Porque cuando hablamos de masculinidad hablamos, sí, de una construcción. Pero, habría que preguntarse, ¿quién construye, cómo se construye y para quién se construye la masculinidad? La masculinidad es una construcción, pero su agente no es nadie en específico. Es una construcción como todo lenguaje es una construcción, una construcción producida por la máquina social, cuya estabilidad depende de su capacidad para transformarse efectivamente en el tiempo. Y la transformación más importante que se detecta en el tiempo cuando hablamos de la masculinidad tiene todo que ver con su constante decadencia, con su debilitamiento progresivo. Es como si la masculinidad existiese para decaer, para estar en peligro, para no estar nunca, del todo, a su propia altura. Esto se hace aún más evidente cuando, en vez de hablar de masculinidad hablamos de la hombría como tal. Ser hombre es no ser nunca un hombre verdadero. La masculinidad entonces se asume como un dato pero se sufre como un acto, como un acto cada vez más difícil de sostener. Porque, a fin de cuentas, la masculinidad más que una categoría o un concepto, es, más bien, una emoción, la emoción de una cierta insuficiencia. La insuficiencia de la hombría no es comparable a una supuesta insuficiencia del ser mujer. Porque se parte de la premisa (de hecho, falsa) que el hombre es. La mujer no es, sino que deviene mujer, así se suele relatar su historia en la cultura. Se va haciendo mujer, como si perteneciese al registro de su existencia una cualidad inicialmente performativa, una teatralidad asumida de lo femenino como espectáculo. Se espera, sin embargo, que los hombres no sólo parezcan, sino que sean hombres. Por eso la historia de la hombría es también la historia del fracaso de la hombría.

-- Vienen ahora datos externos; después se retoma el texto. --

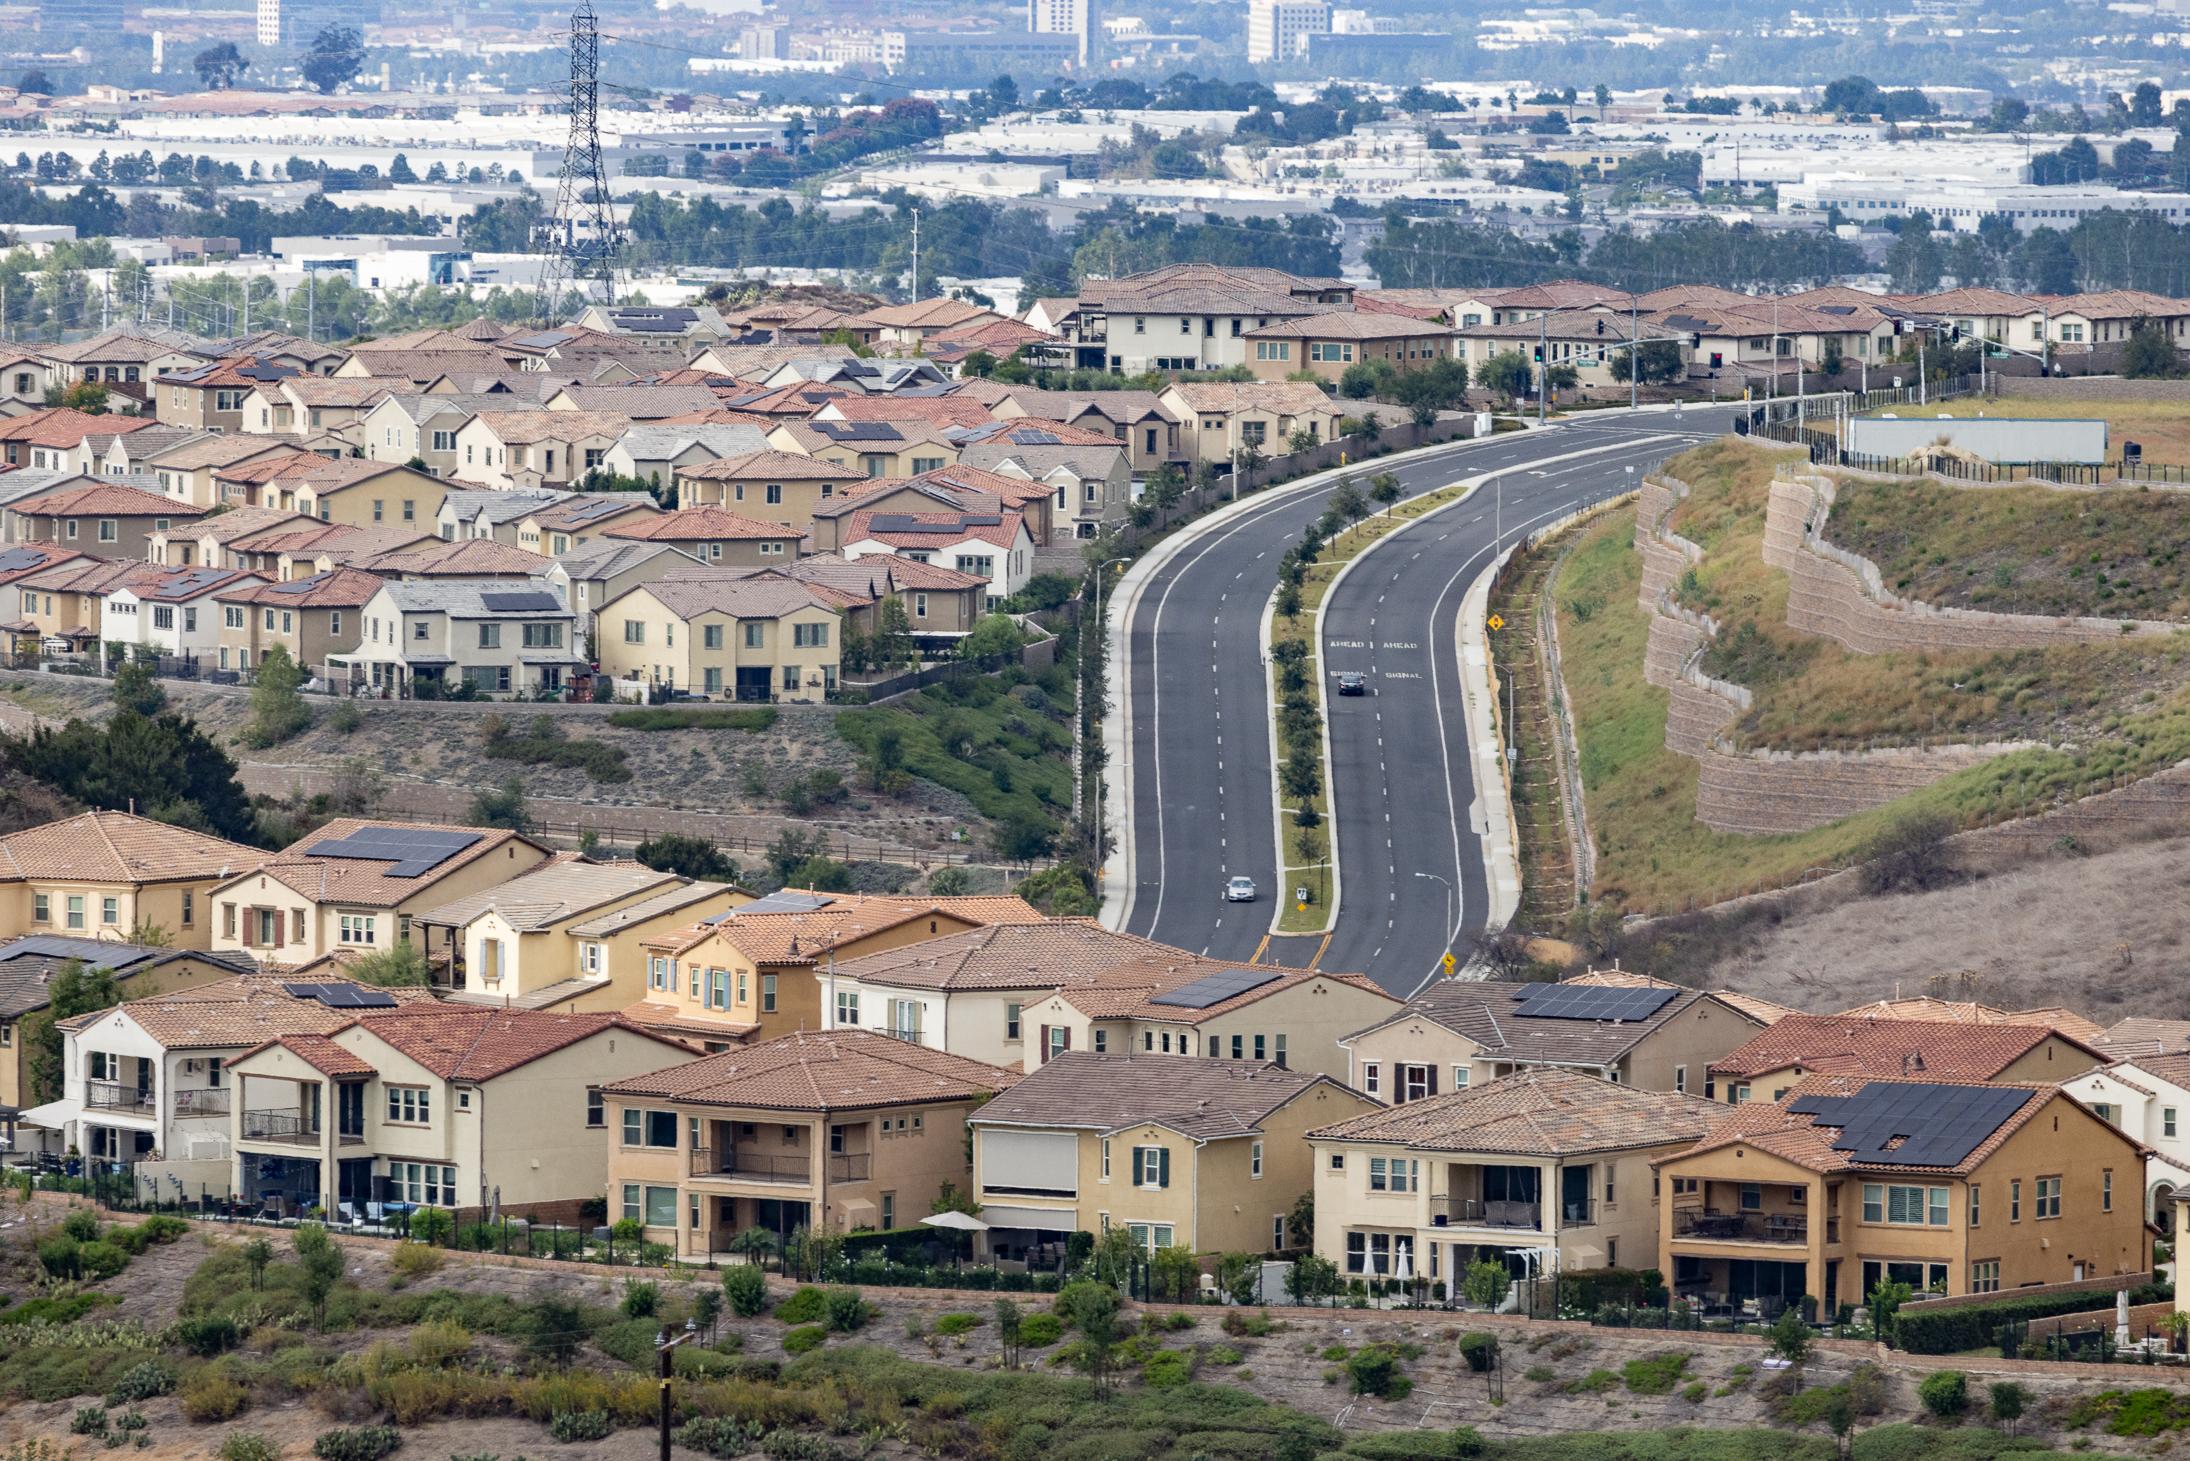 Will ‘Prohousing’ Label Help Alleviate California’s Housing Crisis?
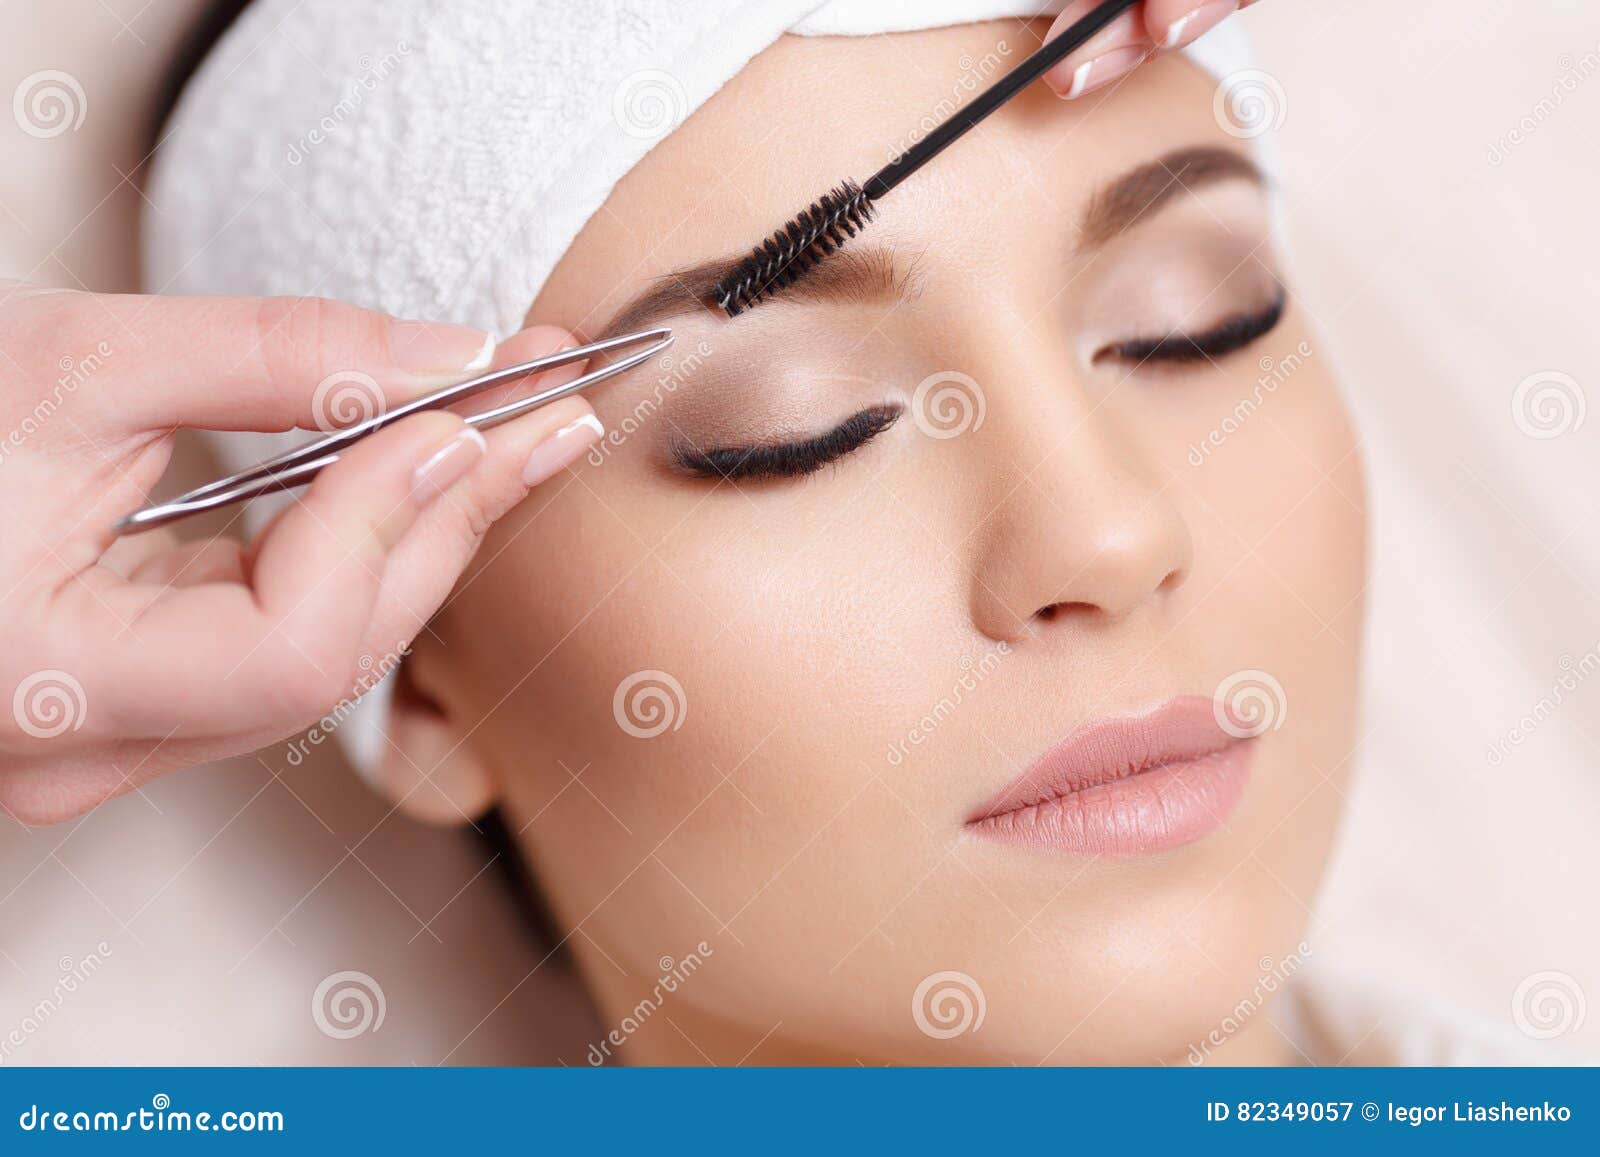 beautiful young woman gets eyebrow correction procedure

Esto se hace más evidente cuando relacionamos a la hombría con una de sus funciones más centrales: la paternidad. Ser hombre es, de muchos modos, ser padre. La literatura moderna, por ejemplo, (y la literatura, es importante añadir, es un fenómeno íntimamente ligado a la experiencia de la modernidad), la literatura marca el proceso de la decadencia del padre. Ya en una obra como El rey Lear de Shakespeare tenemos un ejemplo crucial de este proceso: un padre decide abdicar en vida el poder que le corresponde, repartiendo su heredad con sus hijas. El resultado es el fracaso, no ya sólo de su autoridad paterna, sino de toda la estructura política de su autoridad monárquica. El padre que decae o se debilita en la literatura es el padre que es una imagen del monarca, el padre que gobierna a la familia de un modo paralelo a como el monarca es la cabeza del Estado. La literatura es la historia de la decapitación fulminante de esa cabeza, que es sobre todo la cabeza rodante de Luis XVI en la Revolución Francesa, pero también la cabeza rodante de Papá Goriot, el protagonista de la novela de Balzac, un hombre que, como el rey Lear, le dio todo a sus hijas, sin darse cuenta que el amor no se puede comprar, que el dinero lo compra todo, menos el amor. La literatura es moderna en parte porque registra esta decadencia de la autoridad del padre, que parece ser una de las constantes en el desarrollo de la burguesía. Al padre burgués se le hace más difícil instaurar su autoridad que al padre aristócrata, porque su autoridad no viene aparejada o fundamentada en una filiación metafísica con la divinidad. El rey es el homólogo de Dios en la tierra, pero el señor burgués no. El señor burgués es el producto de su propia imagen.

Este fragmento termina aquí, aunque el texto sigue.